Amutse’s eye on Namibian photography

Namafu Amutse. Photo: Contributed

As contemporary Namibian photography continues to introduce a slate of exciting, aesthetic and experimental new shutterbugs, Namafu Amutse is a name to know.

Diversifying visual characterisations of manhood in series such as ‘Soft’ and ‘Chrysalis’, Amutse’s emotive and award-winning photography was recently featured in Joshua Amissah’s ‘Black Masculinities’ (2023) in Lolwe and won the inaugural Bank Windhoek Doek Literary Award for visual art.

The self-taught young artist made her solo photographic debut with ‘Bright Eyes into Afrofuturism’ curated by Efano Efano in 2020.

Amutse is also the screenwriter and director of ‘Mukumo’ (2020), a Goethe Stage short film, as well as the creative director behind Lioness’ music video for ‘Feelings’, featuring Waters.

Having opened last year’s visual art scene with ‘Side by Side’ alongside artist Candice Mouton, Amutse reflects on a year in which Namibian photography seemed to reach new heights.

“I must applaud that 2023 was a good year for photography. To name some things that peaked my interest, ReFrame Kollektiv saw a number of young Namibian photographers debuting their documentary photography in Berlin.

“StArt Art Gallery kick-started the year with a ‘Side by Side’ exhibition I had the pleasure of being a part of, and not to mention the ‘We Will Be Free’ group exhibition that opened in Makhanda, South Africa,” says Amutse.

The artist was also impressed by ‘See Me’, a showcase of portraiture, curated by The Project Room, and commends spaces such as Goethe-Institut Namibia, Sweet Side of Thingz, the Namibian Arts Association, the National Art Gallery of Namibia, Doek! Literary Magazine, and the now permanently closed Café Prestige for being homes and networking spaces for photography, emerging photographers and visual artists at large.

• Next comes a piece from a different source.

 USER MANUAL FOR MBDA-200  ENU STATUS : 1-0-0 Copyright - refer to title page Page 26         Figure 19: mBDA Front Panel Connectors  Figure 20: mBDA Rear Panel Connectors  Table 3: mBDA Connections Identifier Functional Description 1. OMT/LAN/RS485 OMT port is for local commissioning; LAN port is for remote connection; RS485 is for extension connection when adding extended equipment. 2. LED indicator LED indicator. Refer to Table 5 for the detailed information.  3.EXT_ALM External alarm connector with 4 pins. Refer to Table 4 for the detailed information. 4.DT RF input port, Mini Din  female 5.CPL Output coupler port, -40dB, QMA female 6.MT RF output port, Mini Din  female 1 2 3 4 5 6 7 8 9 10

While last year’s photographic offerings were diverse, responding to selfie culture, expanding images of home and considering freedom in contemporary Namibia, Amutse doesn’t feel the need to suggest any themes she hopes to see, but rather encourages budding photographers to dig deep.

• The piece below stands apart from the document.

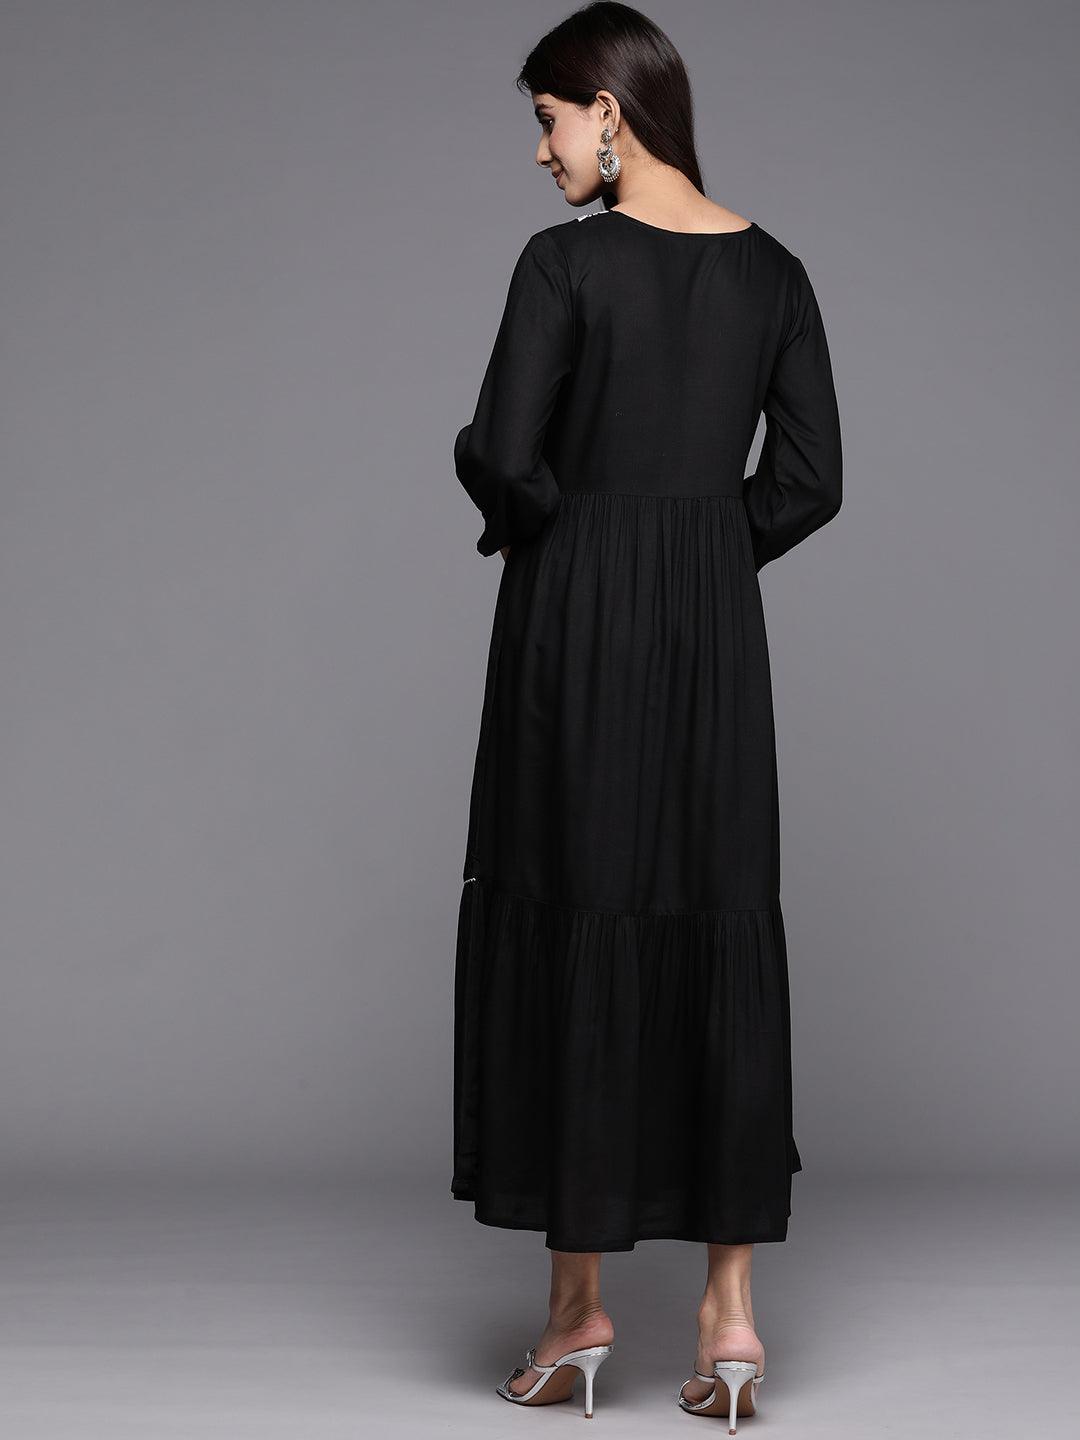 Black Embroidered Rayon Maxi Dress

“Without specifying themes, subjects or styles, my main interest is seeing Namibian photographers challenge ourselves to capture the kind of images that tell a unique story about who we are, where we come from, and where we see ourselves heading to. Images that show depth, dream and risk,” says Amutse.

“I believe more photographers have emerged over the years, and I am excited to see how they continue exploring the artform while visually translating their thoughts and ideas for all of us to indulge in.”

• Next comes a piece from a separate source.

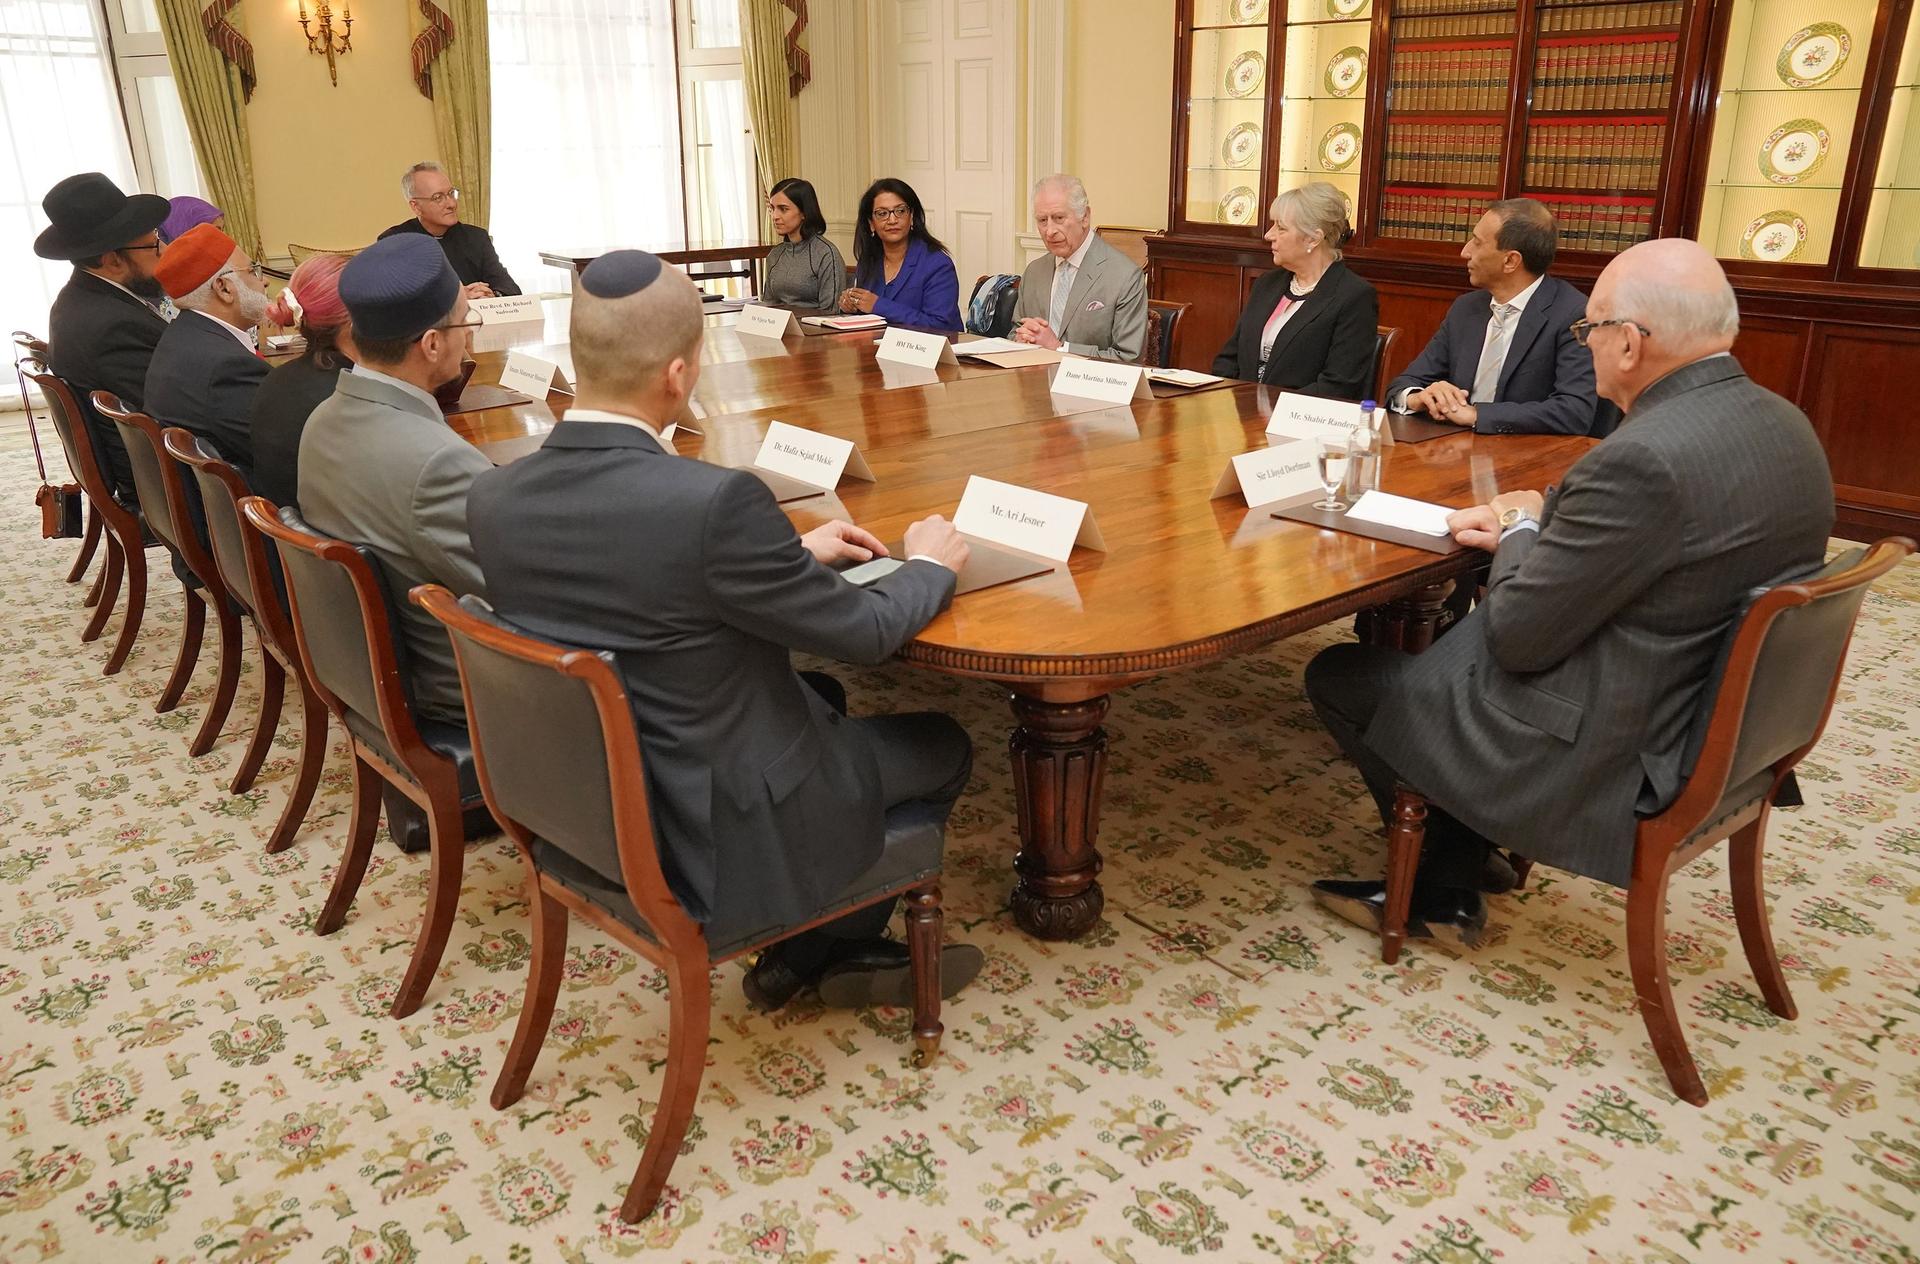 The King speaks with community faith leaders who have taken part in a Windsor Leadership Trust programme, encouraging and supporting dialogue, harmony and understanding at a time of heightened international tension at Buckingham Palace on Tuesday.

Considering her own visual exploration for 2024, Amutse teases a return to her professional photographic roots as first seen in ‘Bright Eyes into Afrofuturism’.

‘Definitely expect new futuristic work,” she says.

“For now, I have work up at the Sweet Side of Thingz on Independence, titled ‘Soft’ and ‘Chrysalis’ as part of the group exhibition titled ‘We Will Be Free’ by Tschuku Tschuku and curated by Start Art Gallery.

“’Soft’ serves to combat hegemonic forms of black masculinity, and ‘Chrysalis’ explores a transitional state of being.”

As for Amutse’s creative mood going forward, the artist leaves it up to the creator of ‘Insecure’, ‘Rap Shit’ and current, and the president of Barbie Land.

“My mood for 2024 is whatever Issa Rae said.”